The central idea this project investigates is how honestly we're evaluating binding affinity prediction models. Most QSAR benchmarks use random train/test splits, which inflate performance by leaking structural information between training and test sets. This project implements a Bemis-Murcko scaffold split as a more rigorous alternative, by grouping molecules by their core ring systems and linkers, then ensuring the test set contains only scaffolds unseen during training. This better simulates the challenge of predicting activity for new chemical matter. Results are compared directly against a random split to quantify the difference.

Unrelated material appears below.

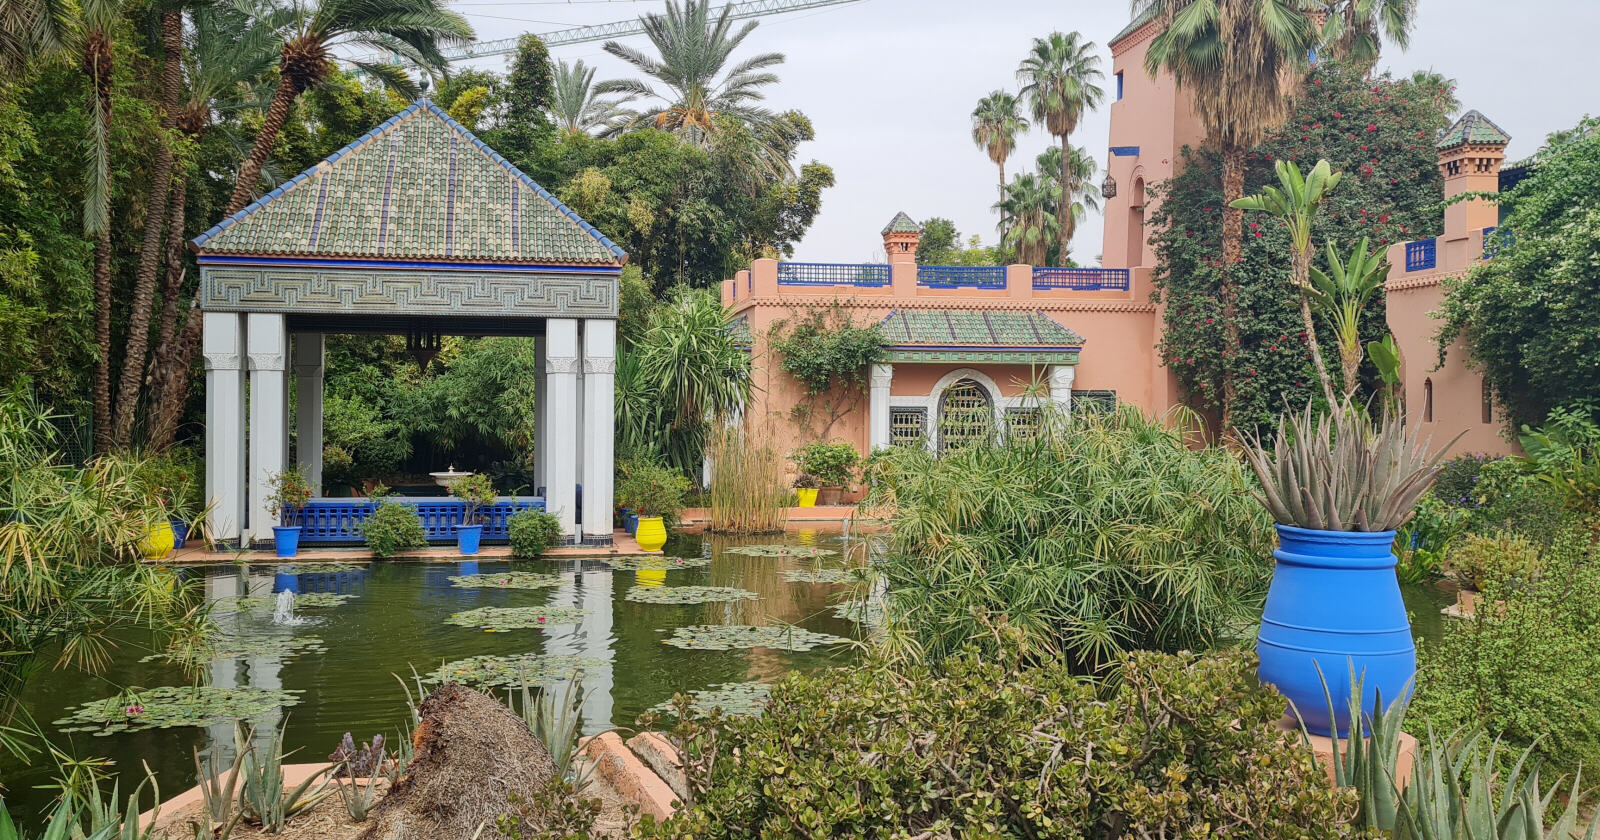 The Jardin Majorelle in Marrakech

In drug discovery, a model that performs well on random splits but poorly on scaffold splits has memorised chemical series rather than learned generalisable structure-activity relationships.

Results

Random Forest

Random split: RMSE 0.716 | MAE 0.538 | R² 0.647
Scaffold split: RMSE 0.800 | MAE 0.628 | R² 0.372

LightGBM

Random split: RMSE 0.698 | MAE 0.510 | R² 0.664
Scaffold split: RMSE 0.771 | MAE 0.600 | R² 0.417

The performance drop from random to scaffold split is consistent across both models. R² roughly halves and RMSE increases noticeably. This gap reflects the difficulty of generalising to new chemical scaffolds unseen during training.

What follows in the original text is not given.